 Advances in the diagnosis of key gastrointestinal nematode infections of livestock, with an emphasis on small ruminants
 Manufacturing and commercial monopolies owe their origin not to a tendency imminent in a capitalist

⁂

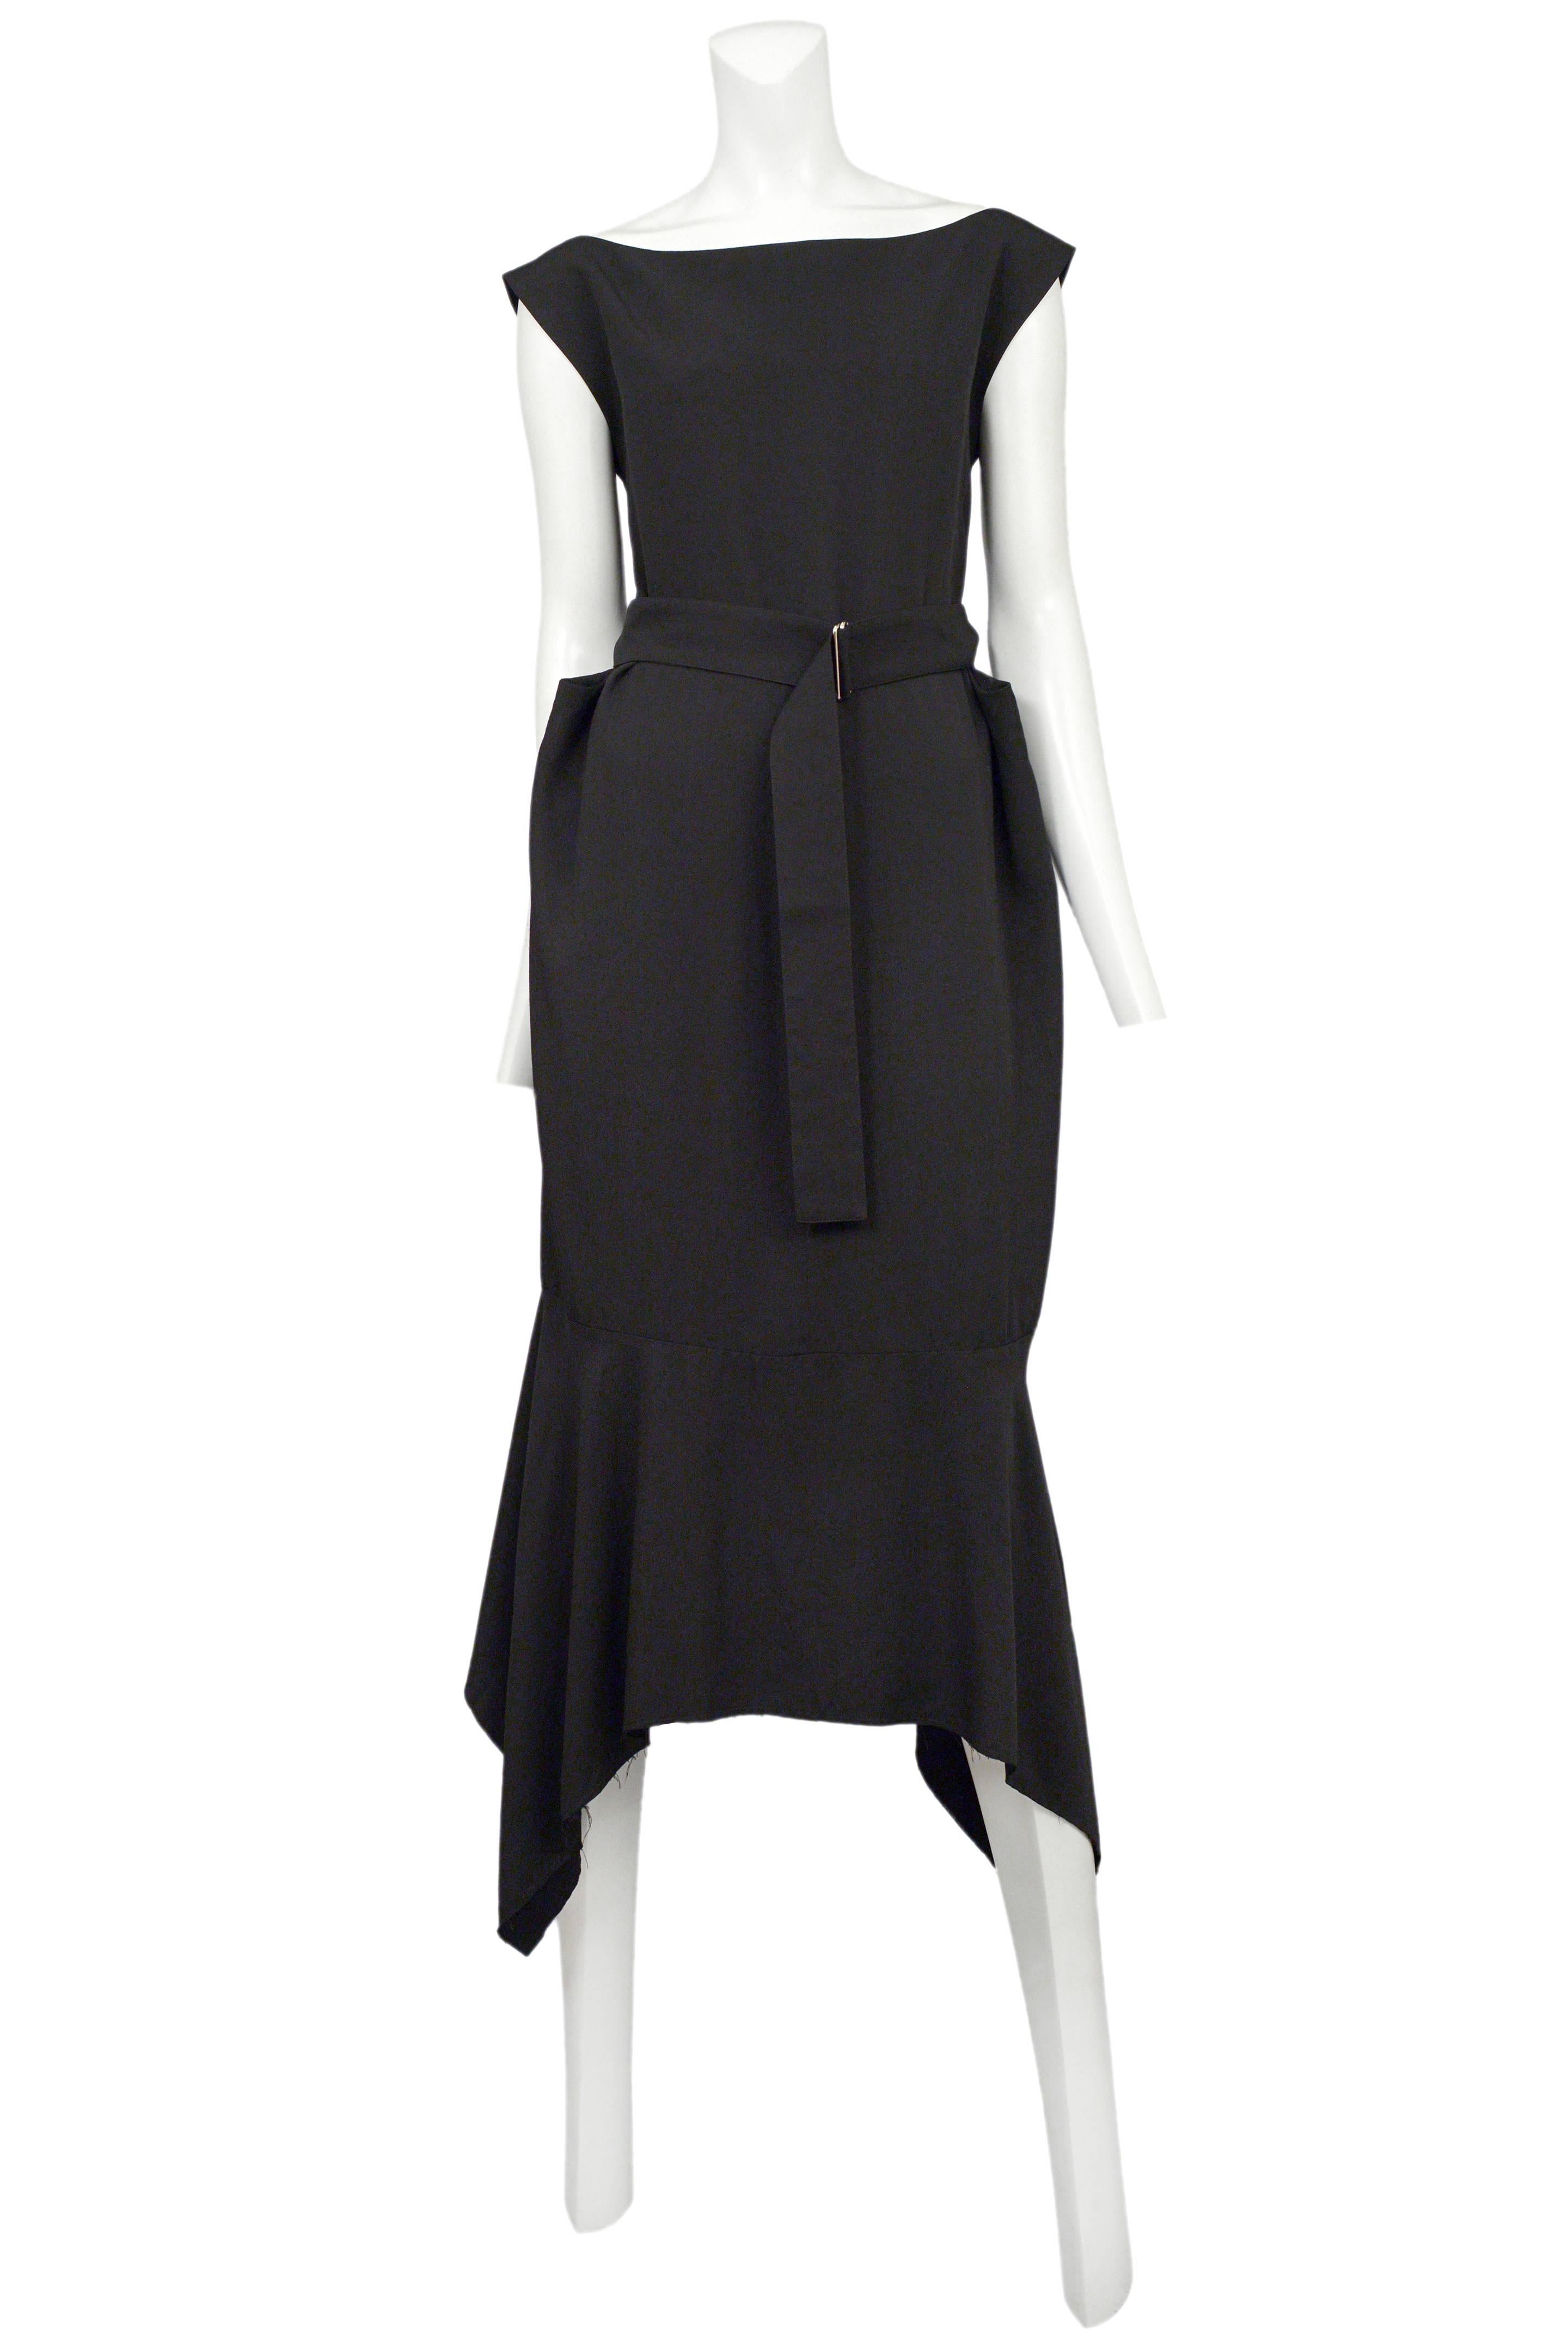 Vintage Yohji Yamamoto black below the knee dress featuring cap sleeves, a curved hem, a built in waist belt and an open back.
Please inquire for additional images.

⁂

Task instructions
Find the line with "Vintage Yohji Yamamoto" and the line with "Please inquire for additional images." in the records above. Copy both and all lines between them exactly, without pictures.

Task result
 Vintage Yohji Yamamoto black below the knee dress featuring cap sleeves, a curved hem, a built in waist belt and an open back.
Please inquire for additional images.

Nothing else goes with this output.